NEW YORK (Reuters) - Just as social media changed how people find love and marriage, with research showing about 22 percent of U.S. couples now meet online, an Internet dating website is betting its matchmaking techniques will help people find the perfect job.
In March 2016, eHarmony plans to launch Elevated Careers, an online employment service that will put the compatibility matching techniques it has used in pairing couples to the test in the career market.
If they get it right, recruitment and human resource management experts say the approach could transform the recruitment industry.
“It could be a game changer,” said Michael Haberman, a human resources consultant, writer and co-founder of Atlanta-based Omega HR Solutions, Inc. “I would think in today’s world of big data that it certainly would have a potential for working.”
Monster.com, CareerBuilder.com and Indeed.com are among the largest employment websites. A variety of apps are also designed to simplify, streamline, track and speed up the process.
eHarmony uses questionnaires and algorithms to match couples. Its website claims 438 people get married everyday as of result of its compatibility matching.
Dan Erickson, director of special projects at Elevated Careers by eHarmony, said it will take job recruiting to the same level, matching compatibility by skills and background, personality and culture.

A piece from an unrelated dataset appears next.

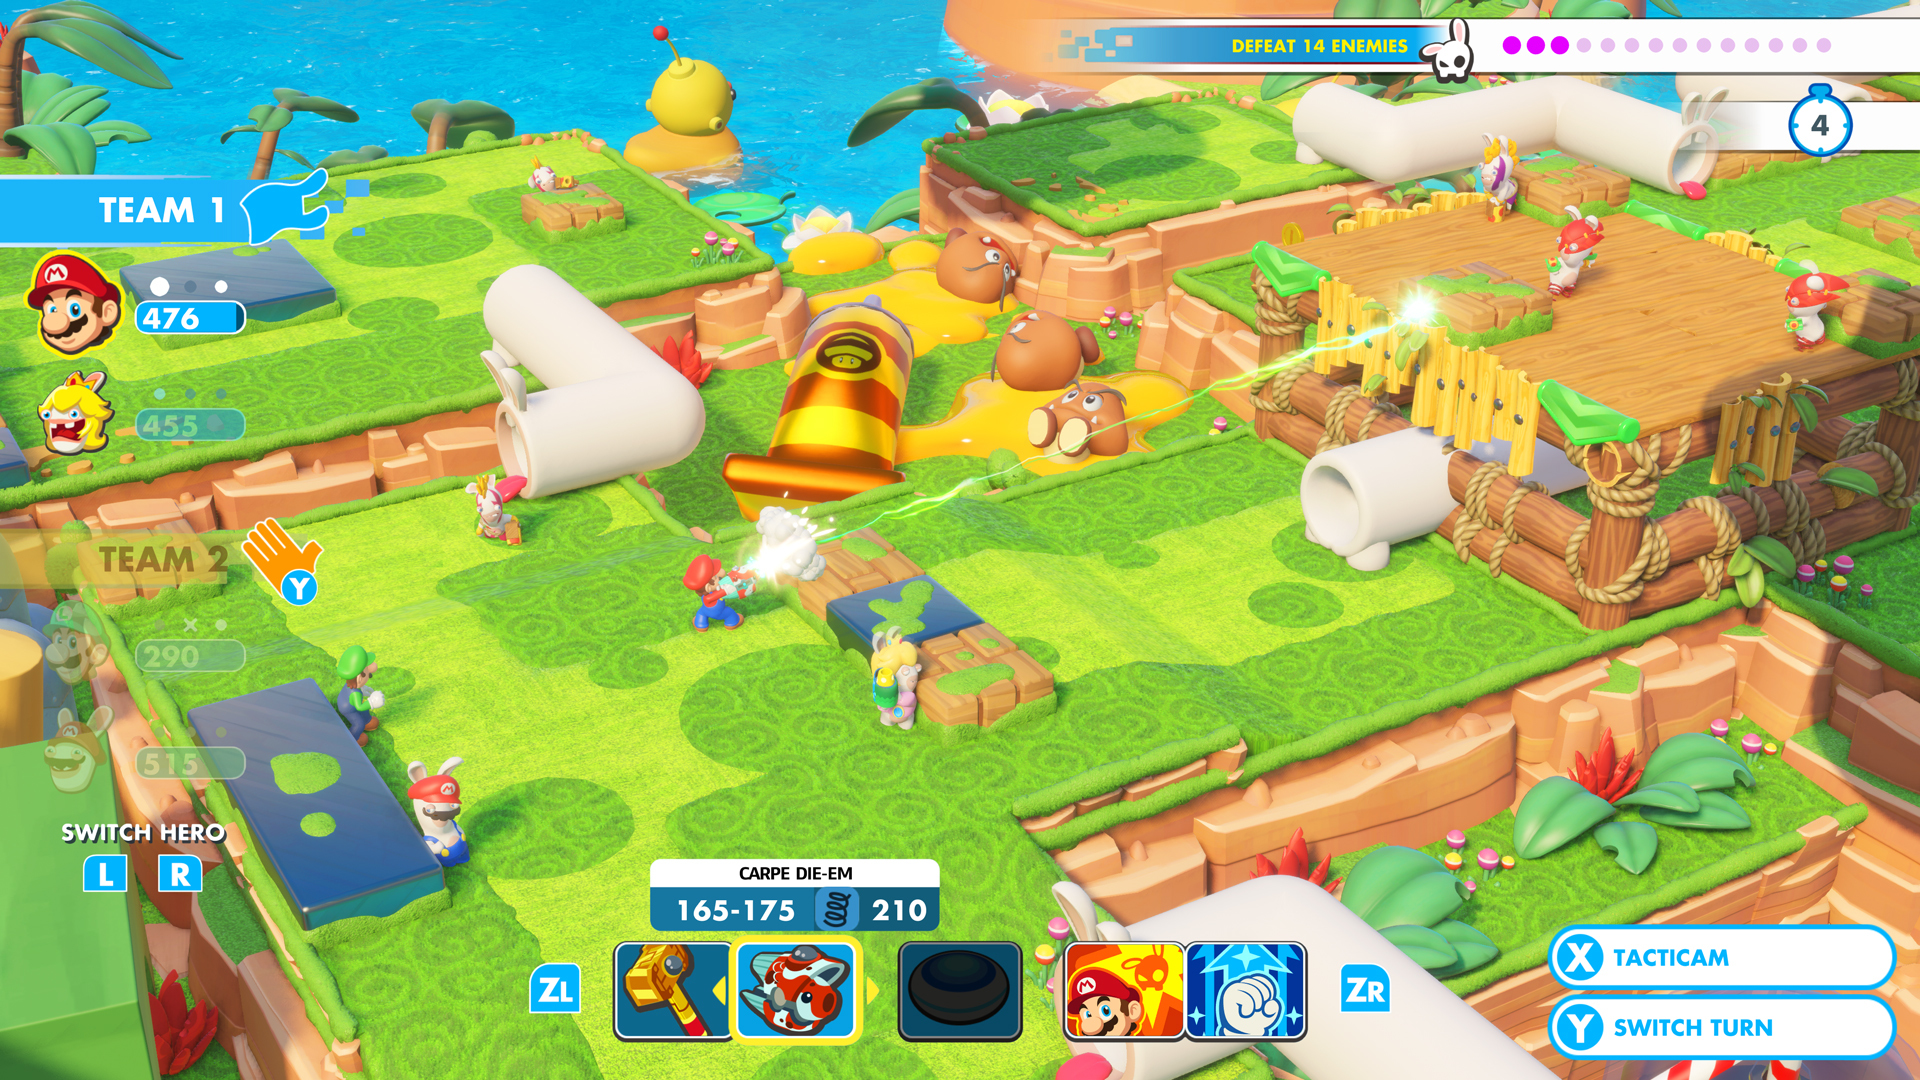 Game: Mario Rabbids Kingdom Battle Review
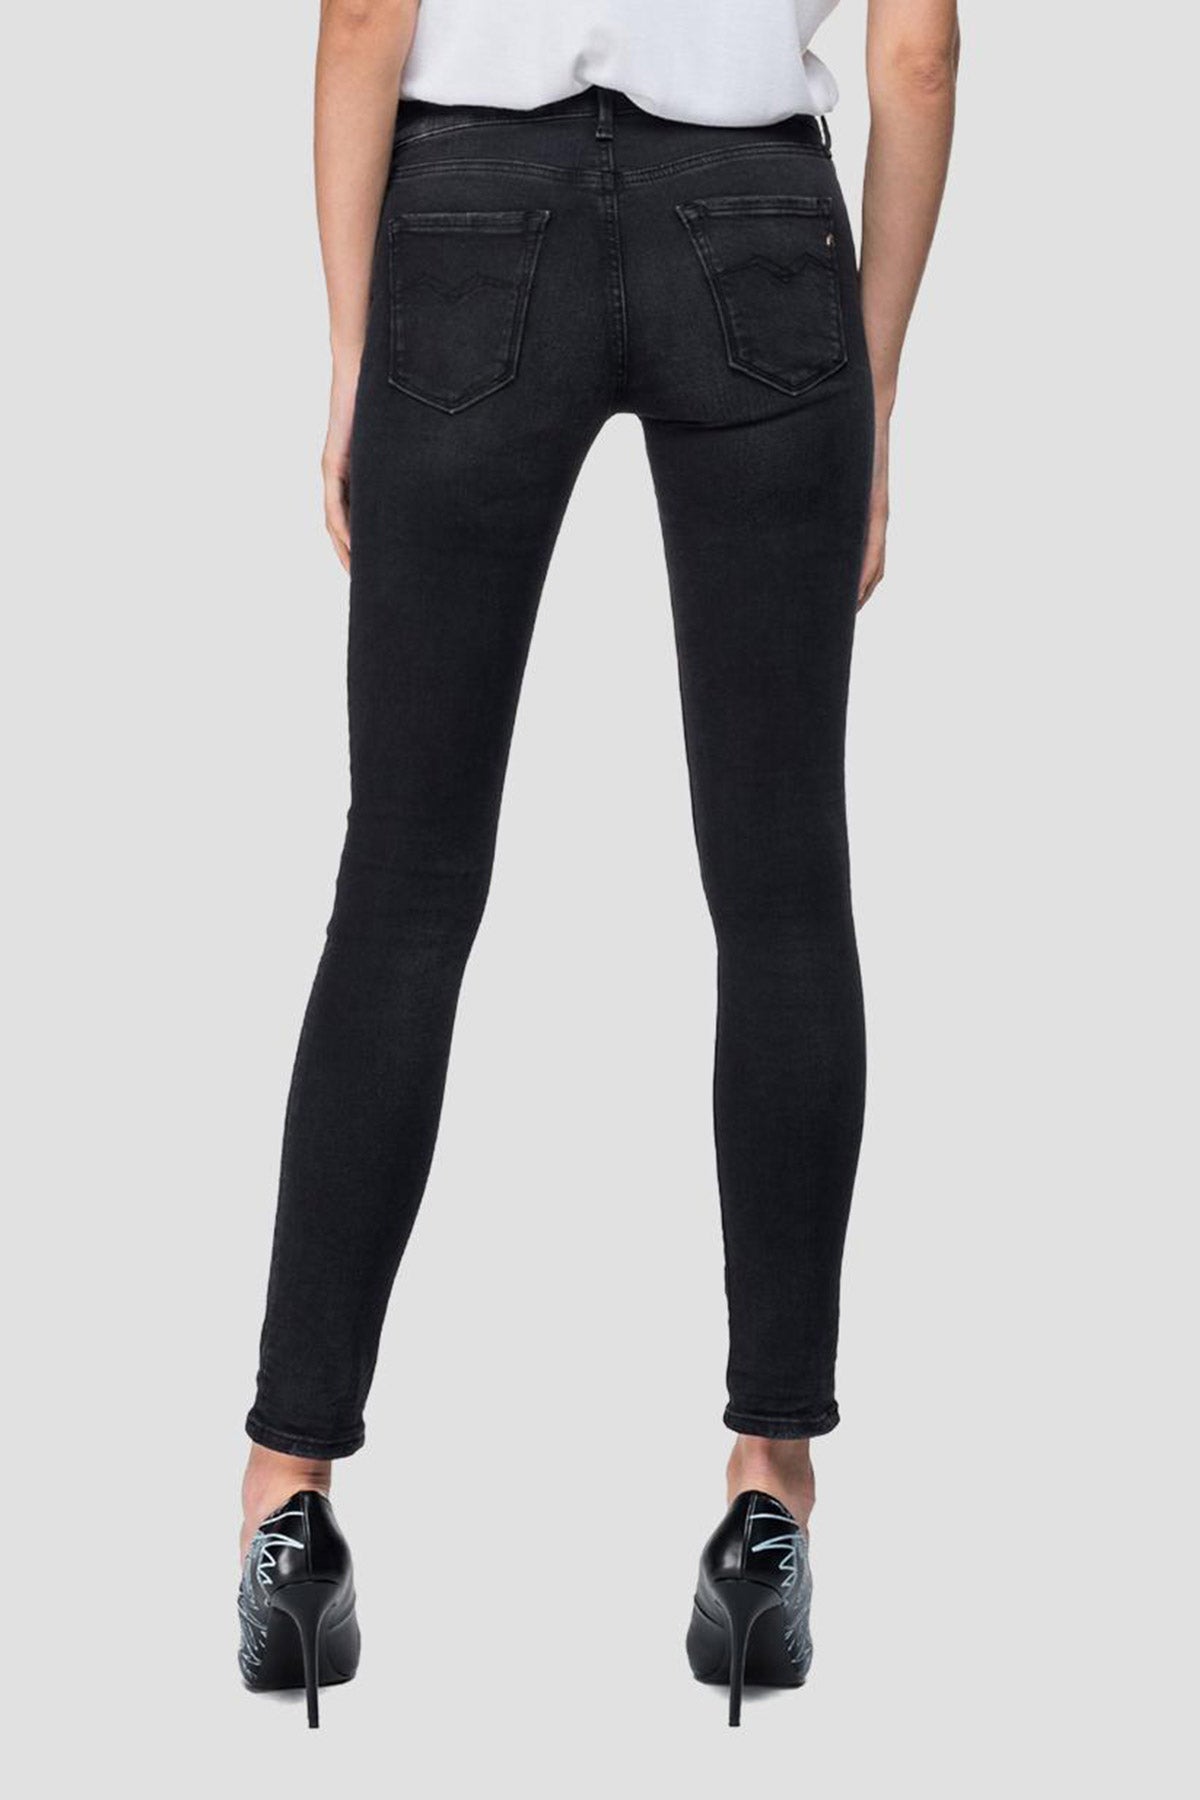 Replay Hyperflex New Luz Skinny Fit Jeans-Libas Trendy Fashion Store

“We are trying to take that matching compatibility expertise that eHarmony has developed in the online dating world and bringing that to careers,” he said.
Elevated Careers will use predictive algorithms and dozens of variables based on features within resumes and profiles and the firm’s job listings and corporate culture to find a professional match.
“The methodology is the same,” said Steve Carter, vice president for matching at eHarmony. “We are approaching this as social scientists saying, ‘Can we improve decisions people are making?'”
It plans to match a job seeker with the hiring manager or supervisor to improve employee satisfaction and engagement, reduce turnover and increase productivity. The average turnover rate in U.S. companies in 2014 hovered around 16 percent, according to compensationforce.com.
“Anything that refines the process and improves the success rate between the job seeker and the hiring authority would be beneficial,” said Jamie Schwartz, chairman of the board of the National Association of Personnel Services who has been in executive recruiting and staffing for 22 years.
“Can I envision technology enhancing that? Definitely,” he said in an interview.
Haberman thinks the compatibility component is the key.
“If you get people who are deemed to be more compatible with your organization, be it the company or the particular manager that they are being hired by, it certainly lessens the chance of losing that employee early on,” he explained. “It reduces the potential for turnover.”
But he warned that it could be seen by job seekers as less personal than working through a recruiter. It must also meet guidelines on employee selection procedures prohibiting discrimination on grounds of race, color, religion, sex and national origin.
“I think it can work as long as they are paying attention to the government restrictions on the selection process,” he added.
For Schwartz, the big question is whether companies and candidates will embrace the concept in an online transaction and how well the algorithms work.
“The technologies I see as having the biggest impact are those that compress the time needed to build trust,” he said.